After returning to Moscow, Meyerhold founded his own theater in 1920, which was known as The Meyerhold Theater until 1938. Meyerhold fiercely confronted the principles of theatrical academism, claiming that they were incapable of finding a common language with the new reality. Meyerhold’s methods of scenic constructivism and "circusization" of theater were used in his most successful works of the time, including Nikolai Erdman's The Mandate, Mayakovsky’s Mistery-Bouffe, Fernand Crommelynck's Le Cocu Magnifique, and Alexander Sukhovo-Kobylin’s Tarelkin’s Death. Mayakovsky collaborated with Meyerhold several times, and it is said that Mayakovsky wrote his play, The Bed Bug, especially for him; Meyerhold continued to stage Mayakovsky's productions even after the latter's suicide. The actors participating in Meyerhold’s productions acted according to the principle of biomechanics, the system of actor training that was later taught in a special acting school created by Meyerhold.
Meyerhold gave initial boosts to the stage careers of some of the most distinguished comic actors of the Soviet Union, including Igor Ilyinsky and Erast Garin. Both starred in his landmark production of Nikolai Gogol's The Inspector General (1926), as the "full of energy, mischievous, charming Ilyinsky left his post to the nervous, fragile, suddenly freezing, grotesquely anxious Garin. Energy was replaced by trance, the dynamic with the static, happy jesting humour with bitter and glum satire".

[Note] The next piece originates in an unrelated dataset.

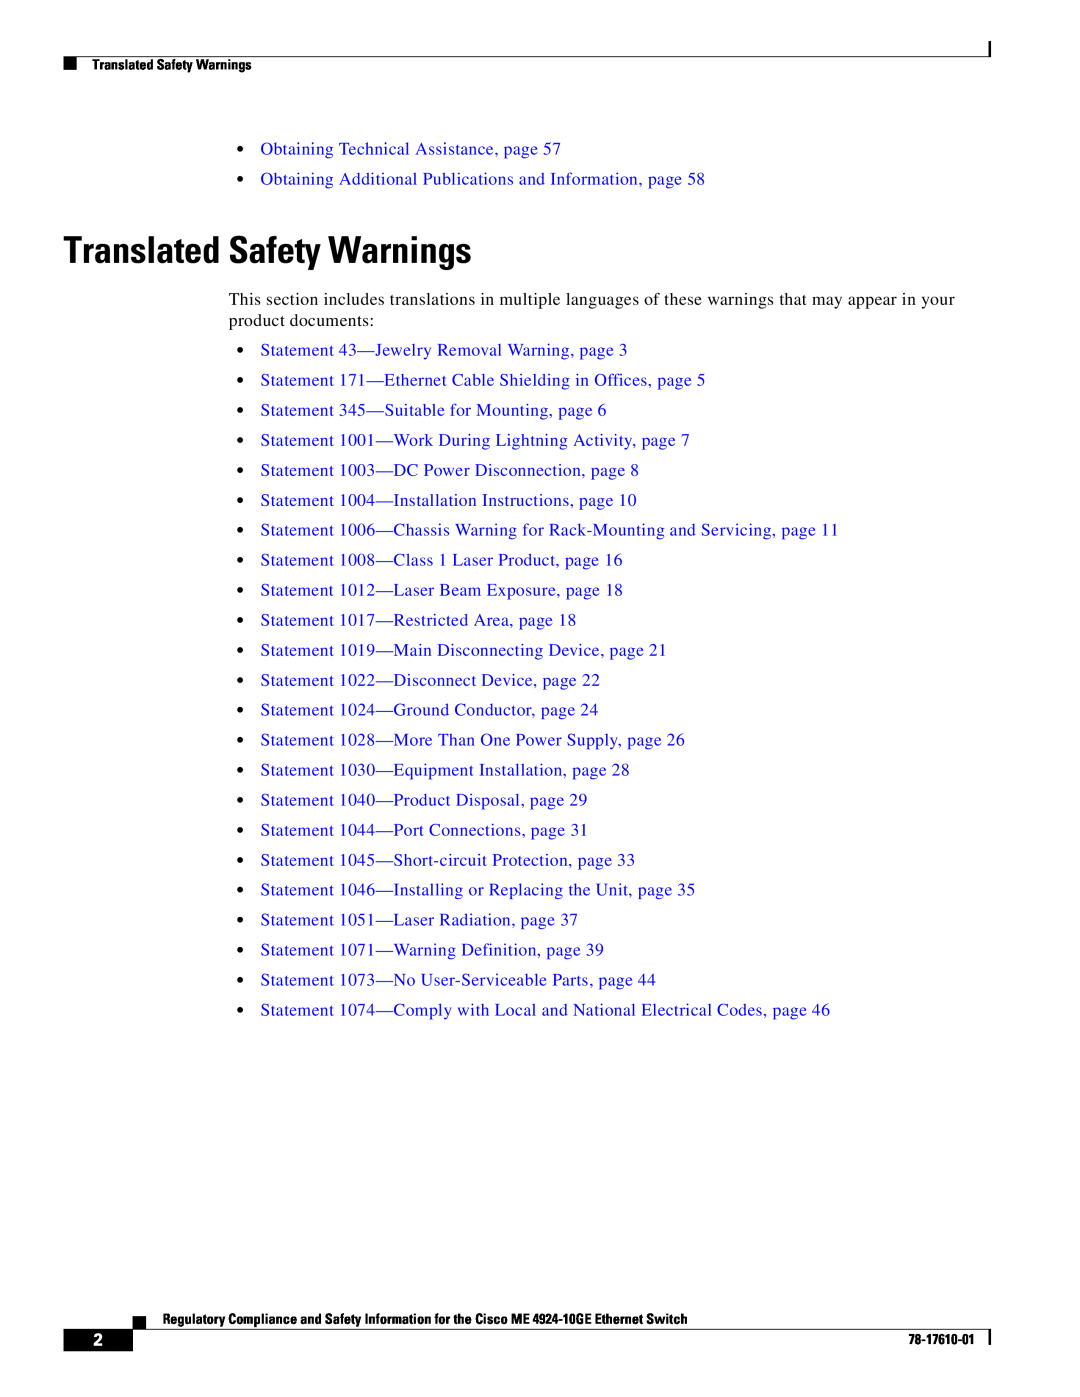 Cisco Systems ME 4924-10GE important safety instructions Translated Safety Warnings, Obtaining Technical Assistance, page

Meyerhold's acting technique was opposite to Constantin Stanislavski's Stanislavski System and Lee Strasberg's subsequent Method Acting. Where method acting melded the character with the actor's own personal memories to create the character’s internal motivation, Meyerhold connected psychological and physiological processes and focused on learning gestures and movements as a way of expressing outward emotion. He argued that people feel physically before they feel emotionally, so that by practicing and assuming poses, gestures, and movements, emotions will automatically occur. He developed a number of body expressions that his actors would use to portray specific emotions and characters.
Meyerhold inspired revolutionary artists and filmmakers such as Sergei Eisenstein, whose films employed actors who worked in Meyerhold’s tradition. An example of his style of acting can be found in the films of Eisenstein, who cast actors based on what they looked like and their expression, and who followed Meyerhold’s stylized acting methods. In Strike!, which portrays the beginnings of the Bolshevik revolution, the oppressive bourgeois are always obese, drinking, eating, and smoking, whereas the workers are athletic and chiseled.
Meyerhold was strongly opposed to socialist realism, and in the beginning of the 1930s, when Joseph Stalin clamped down on all avant-garde art and experimentation, his works were proclaimed antagonistic and alien to the Soviet people. His theater was closed down in 1938, and a year later Meyerhold was arrested and imprisoned. His wife, actress Zinaida Raikh, was found dead in their Moscow apartment. He was brutally tortured and forced to make a confession that he murdered her, which he later recanted before the court. He was sentenced to death by firing squad on February 1, 1940. The date of his death is unclear; some sources say he was executed on February 2, 1940. The Soviet government cleared him of all charges in 1955, during the first wave of destalinization.